Sam blew out an exasperated breath. “Dean, that man has been like a father to you since Dad died. And you’re mad at him right now for what? For treating you like his son. You’re mad at Bobby for putting you first. He put you before the job, before himself, and before me.”

“Yeah, he shot you.”

“I asked him to!” Sam howled. “He did exactly what I asked him to.” He was getting out of breath. He paused, sucked in a few careful lungfuls of air, palm against his chest. “I can’t argue with you about this. It’s making me dizzy. You’ve got five months left, Dean. I’m not letting you two buttheads run it down playing Mexican stand-off. We’re going to South Dakota. You and Bobby are gonna sort your shit out. And after that? I’m gonna tell you about Wyoming. Then trust me, you’re gonna be so angry at me, you’ll forget anyone ever pointed a gun anywhere near me. Might even take a shot at me yourself.”
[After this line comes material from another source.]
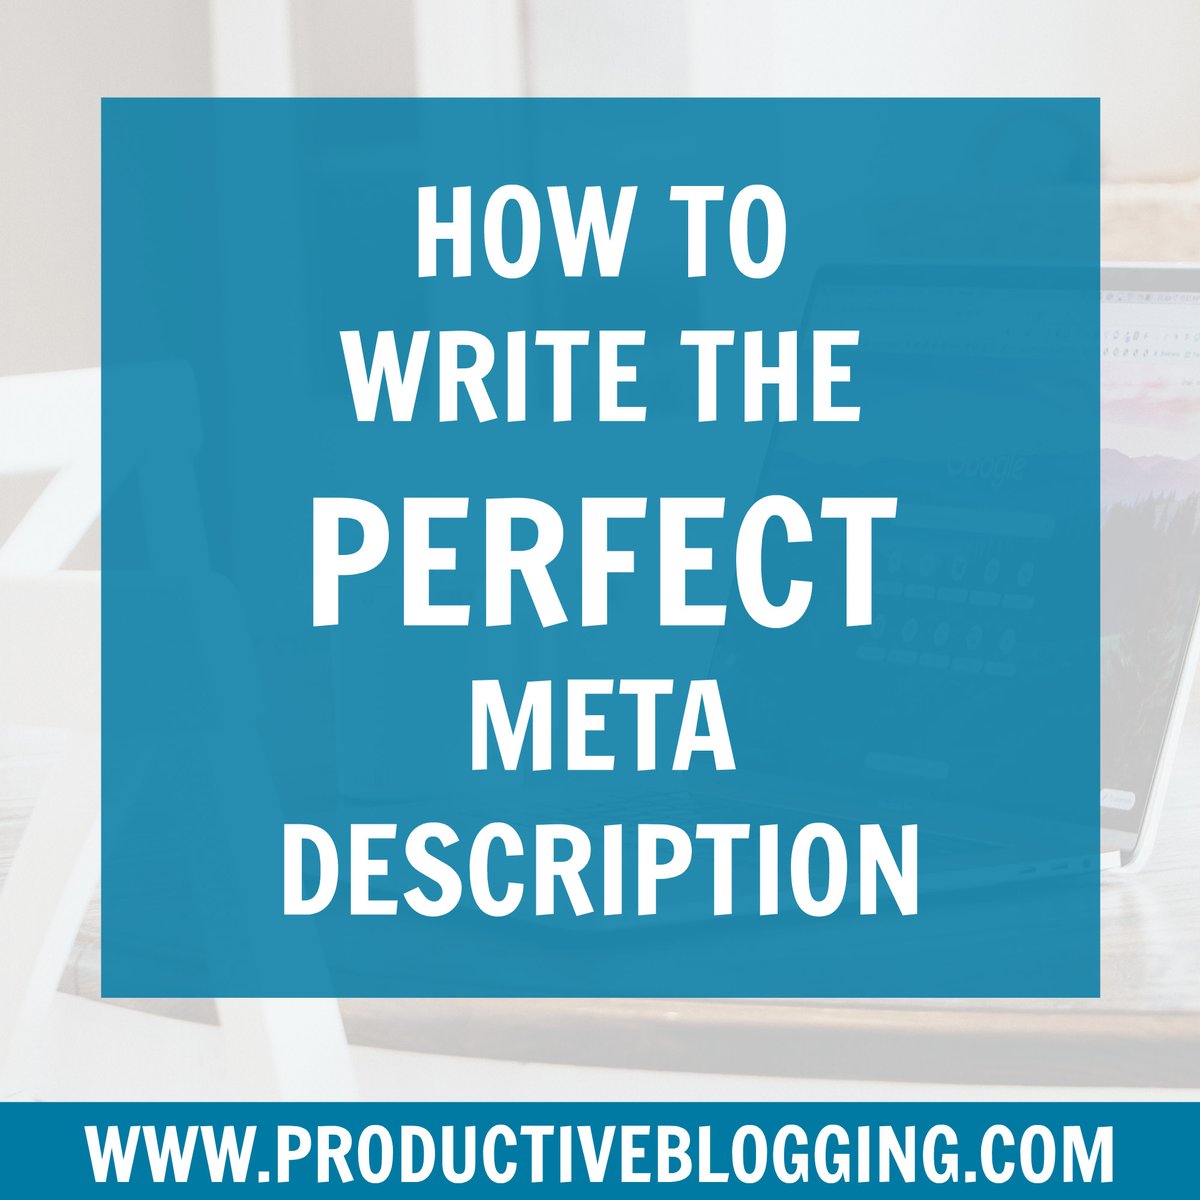 A good meta description can have a dramatic effect on your SEO and consequently your blog traffic. But what exactly is a meta description, and how does it affect your SEO? Find out how to write the perfect meta description >>> bit.ly/3j9rMIc

#seo #seotips #bloggingtips

He had that tone. The don’t-fuck-with-me timbre. He was gonna ride Dean’s ass until he snapped and shot something.

They were going to South Dakota.

Dean screwed up his nose. “You’re a pain in the ass, you know that?” He started back into the house, turned as he wrenched open the door. “And Jesus Christ, exactly how big is this fuckin’ secret of yours?”

Sam bit his thumbnail nervously. “Big.”